Assessment of (inter-rater) reliability of individual SSA items, using a sub-sample of segments, helped identify items that performed well at a single timepoint, and across time. A majority of SSA items (81%) had high reliability. Low agreement indicated items that were difficult to rate objectively or with a single observation. For example, “amount of litter” or “adults loitering, congregating or hanging out” may vary even over a short window of time (e.g. a few hours or a day). In the case of trash, we re-assessed agreement for a small subset of street segments in the reliability study where two observations were conducted within hours of each other. However, the agreement for trash or litter did not improve. Items with substantial temporal variation may require multiple ratings (> 2) to accurately capture the average or mean rating. Certain items (e.g. perceived safety) were inherently subject to interviewer interpretation, and demonstrated lower agreement, as expected. Few neighborhood features were not easily visible across an entire street segment (e.g. bar on a single window, cigarette butts on the ground; garden bed/planter), or difficult to assess from the outside (e.g. public/communal space, vacant building) as was necessary according to the audit protocol.

Given these study findings, we can suggest the types of items that may be able to capture change. Consistent with previous research, more subjective measures are less reliable than more objective (observable) ones [41]; dichotomous ratings have higher reliability than ordinal response scales (although a greater number of response categories may be valuable for providing finer distinctions). Large, visible items (e.g. buildings, traffic signs) were consistently reliable. While sidewalks are an important feature of the walking environment, sidewalk conditions may change quickly over a city block, making it challenging to rate consistently. Also, rare/low prevalence features (see supplemental Table 1) did not lend themselves well to KA testing. For example, the only gathering places in these neighborhoods with prevalence above 5% were churches. If low prevalence items were readily identified, the PO statistic showed consistency in endorsing their absence.
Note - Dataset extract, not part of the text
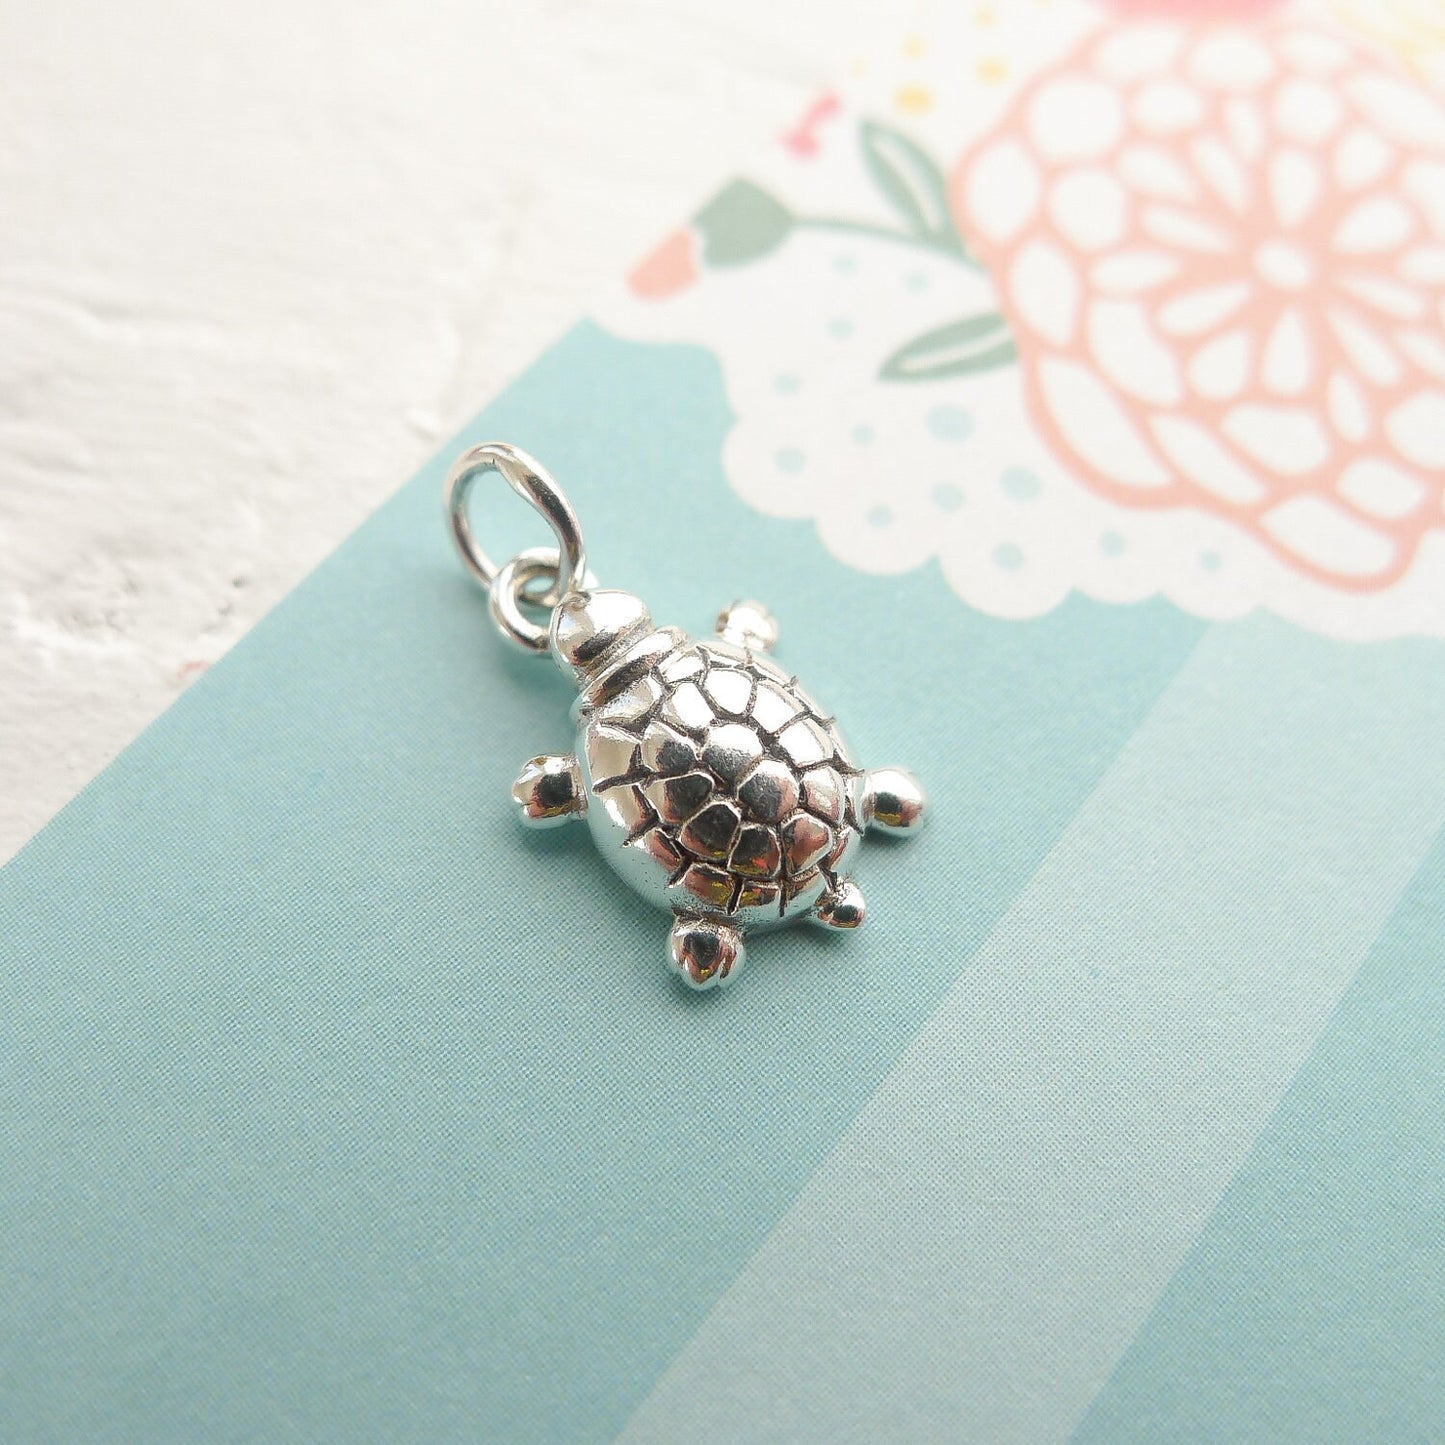 Turtle Charm Sterling Silver Seaturtle Pendant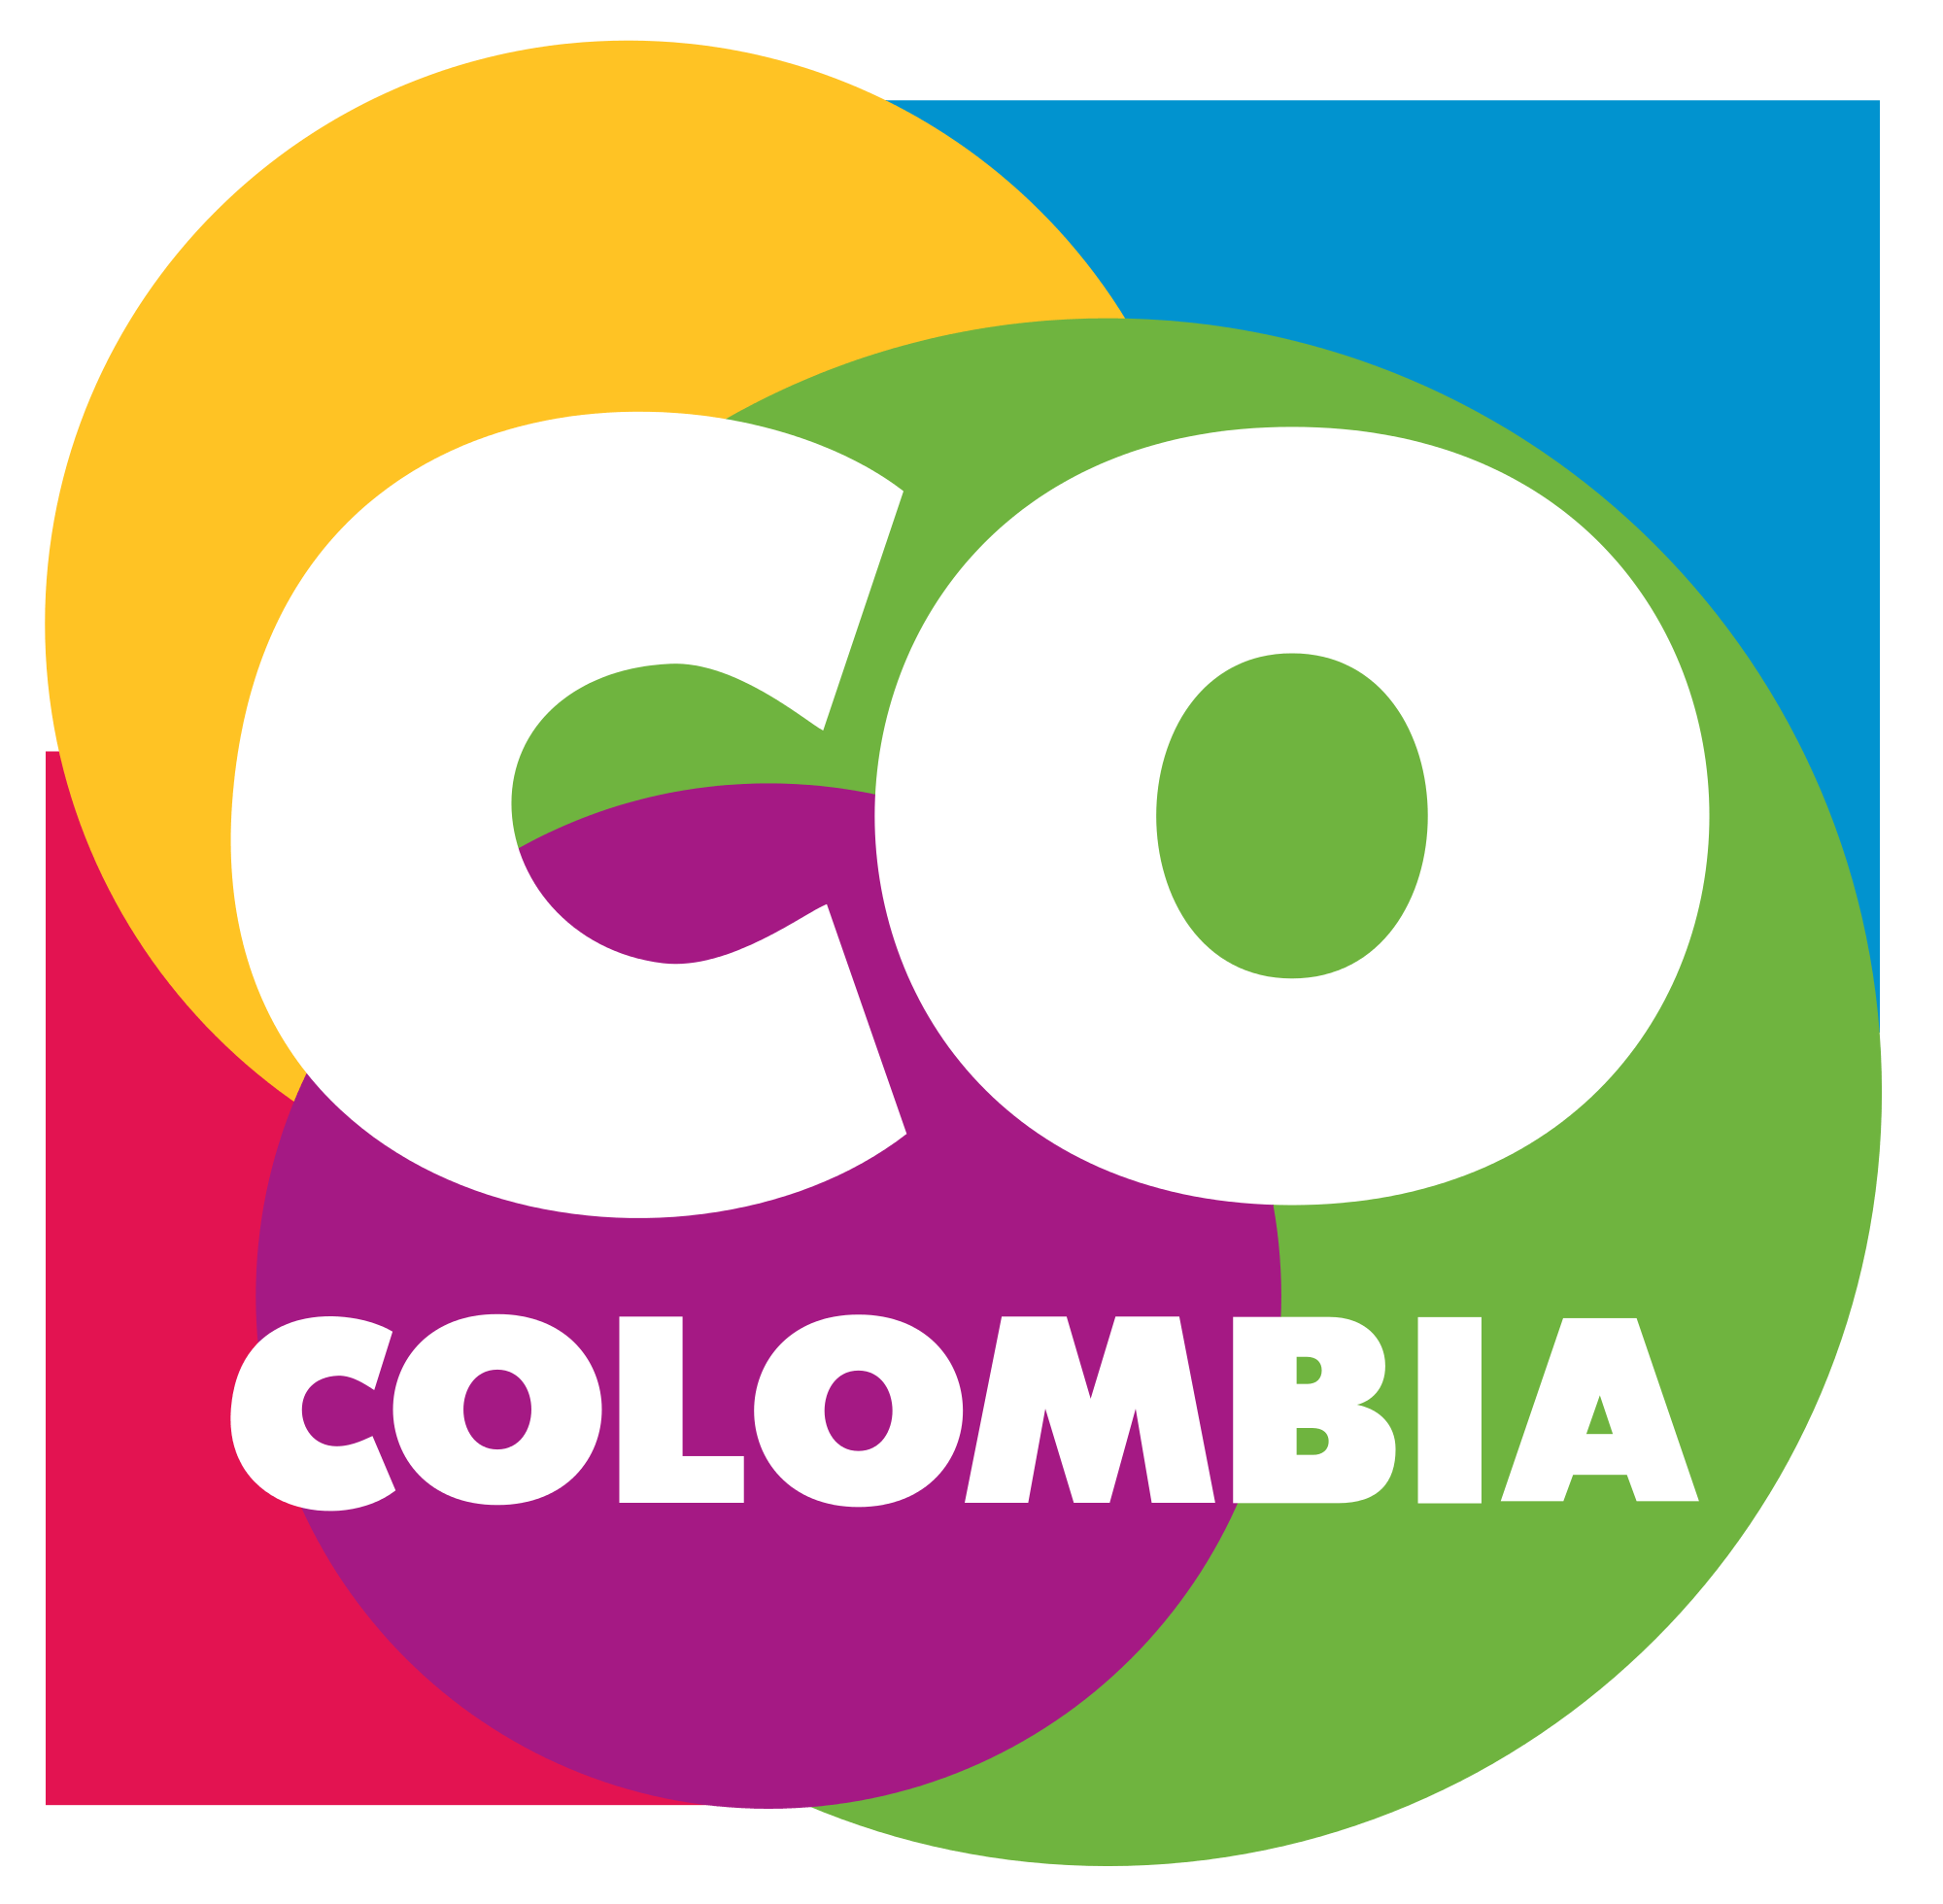 Colombia Logo - File:Marca país Colombia logo.svg - Wikimedia Commons

While some features of the environment may change, there were features that are time invariant. Yet, when we compared slope (“flat”, “slight hill”, “steep hill”) across years for a sub-group of street segments with three years of complete data, 22% of the segments had different values although slope is unlikely to change. Also, 10% of street segments were endorsed as having art/monument in 2012, while only 2% of segments had art/monument three years later (2015.) which may point to confusion over what constitutes art. Therefore, we recommend the use of SSA items with consistently good to excellent agreement across repeat assessments to detect real change. Future studies may be able to further improve the measurement of less reliable items through detailed and intensive training or procedures (e.g., mapping out a visual area into a grid to more systematically inspect for broken windows), clearer rules and examples for determining whether something is a communal space, or by the addition of a “cannot determine” category to the form. Even subjective ratings may be improved if anchored through training or explicit item instructions (e.g. 1 = a place where you would not feel physically at risk of violence from another person if walking alone in daylight, etc.), and by use of multiple raters to reduce individual rater idiosyncrasies.

In our knowledge, this article is the first to conduct repeated assessments of the built and social environment to assess change. We found the PHRESH study’s SSA tool to be reliable and practical to implement, with an average of 13 min required per street segment, that data collectors found easy to use. The audit tool provided rich and detailed data on environmental features, and change over time, which is important for the exploration of cross-sectional and longitudinal relationships between neighborhood features and health outcomes. The compact nature of our study neighborhoods suggests a need to test this audit tool in neighborhoods with greater variation, as certain items exhibited low or zero prevalence in the study neighborhoods. Future research might want to evaluate reliability separately if comparing change across neighborhoods for a natural experiment or intervention study. Our sample sizes for the reliability sub-sample were only sufficient to assess overall reliability by pooling sample across neighborhoods. Future study design can consider sample allocation so that the two neighborhoods (with and without intervention) are assessed with equal reliability. Also, additional steps are necessary to develop and validate summary measures or indices that capture meaningful constructs (e.g. walkability, incivilities) that may be predictors of health outcomes. If valid indices of environmental features can be derived, they will be useful in guiding public policy and urban planning in the redesign of built environments to promote health.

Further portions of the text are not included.